#### Exercise goal
Without including any images, please transcribe all the lines below exactly.

#### Given information
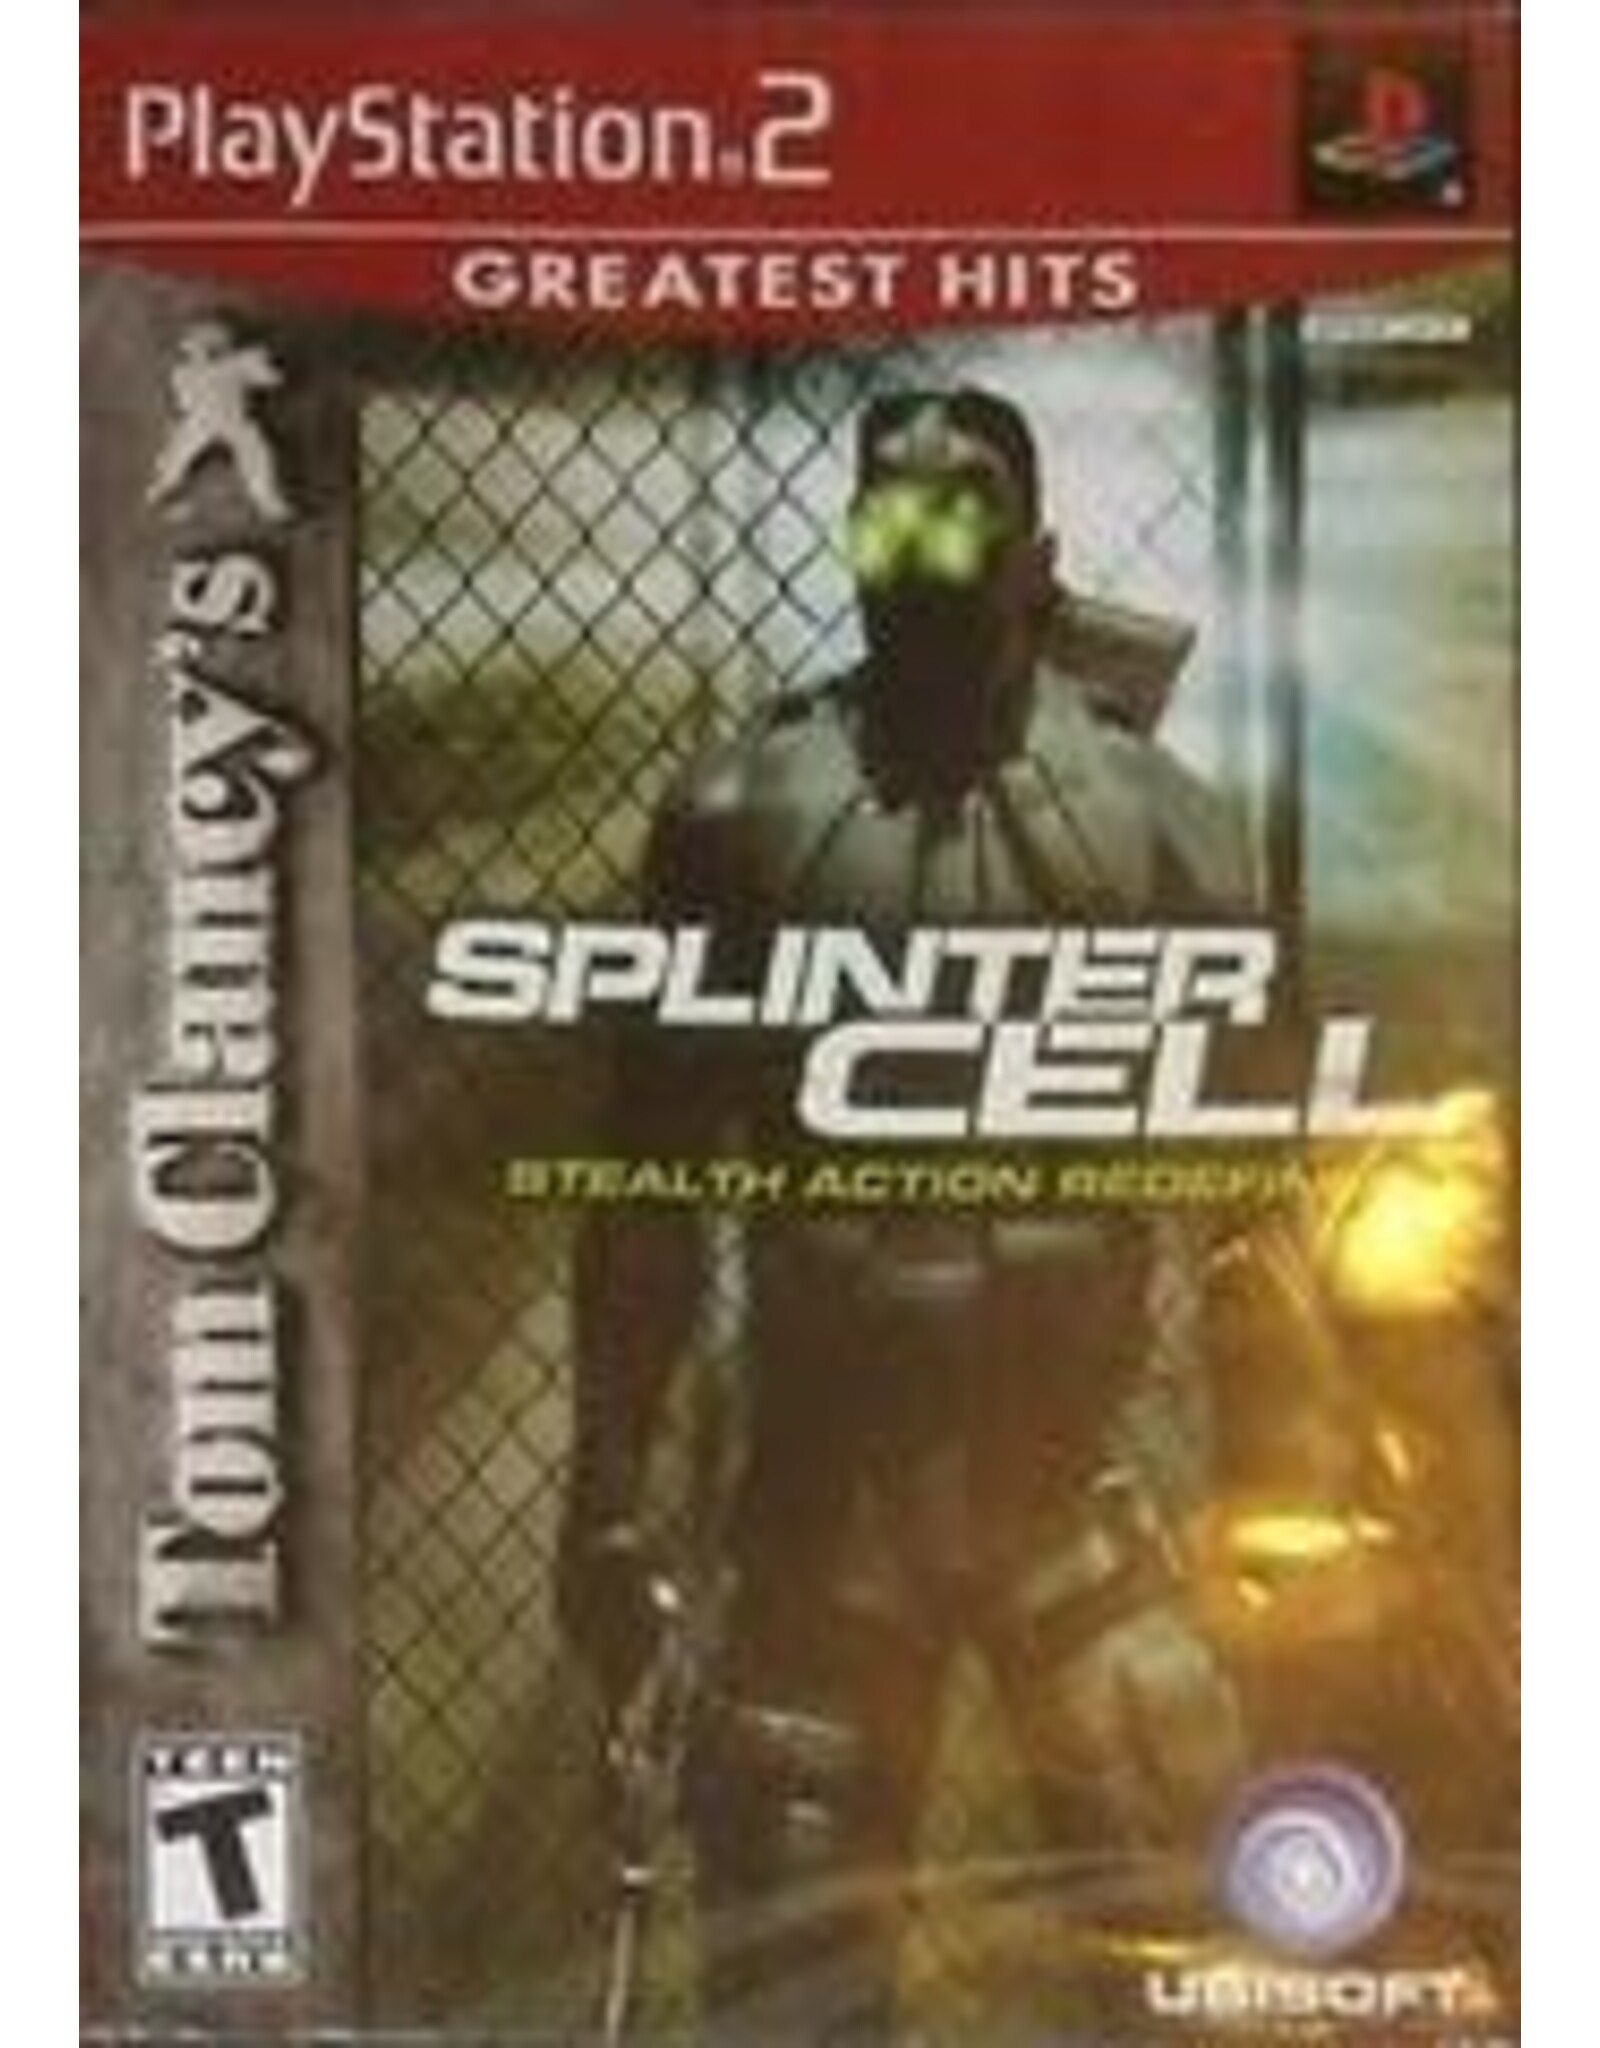 Playstation 2 Splinter Cell (Greatest Hits, CiB, Damaged Sleeve)
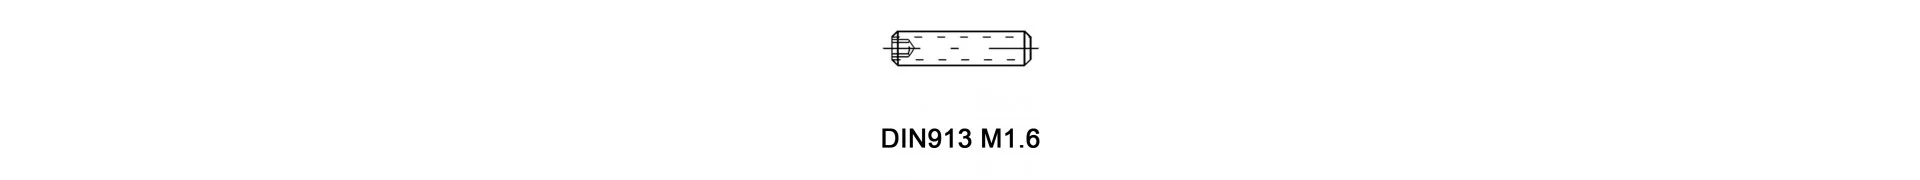 DIN913 M1.6
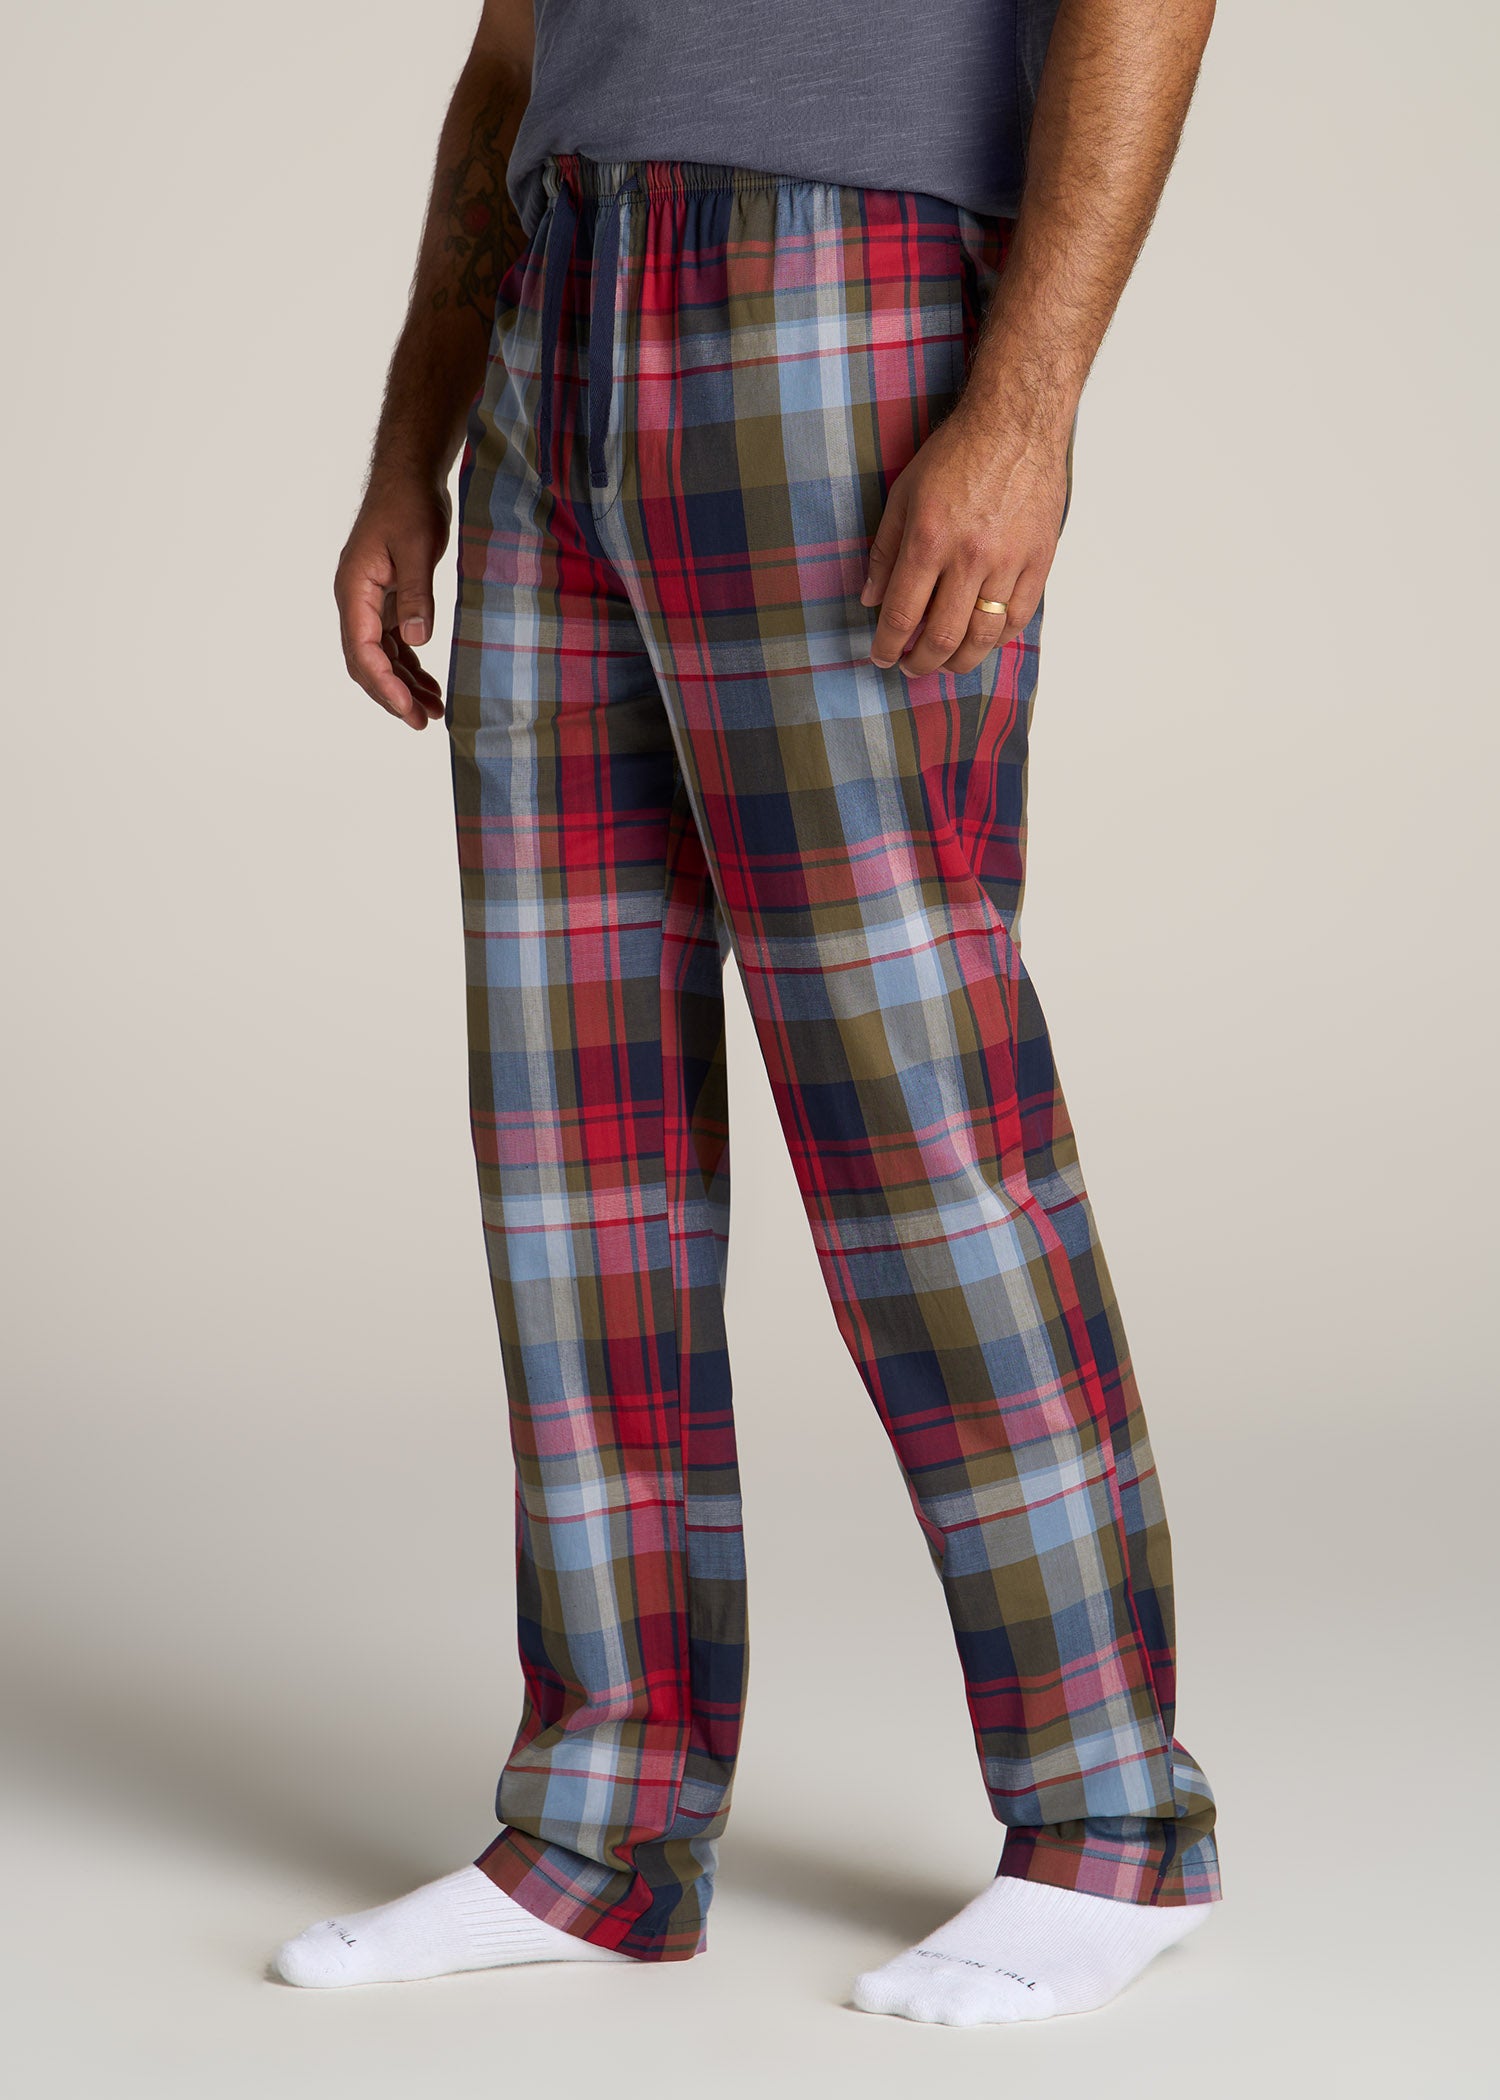 Men's Super Soft Pajama Pant Comfy Lounge Plaid Sleep Pants, M-XXL

#### Your solution
 Playstation 2 Splinter Cell (Greatest Hits, CiB, Damaged Sleeve)
 DIN913 M1.6
 Men's Super Soft Pajama Pant Comfy Lounge Plaid Sleep Pants, M-XXL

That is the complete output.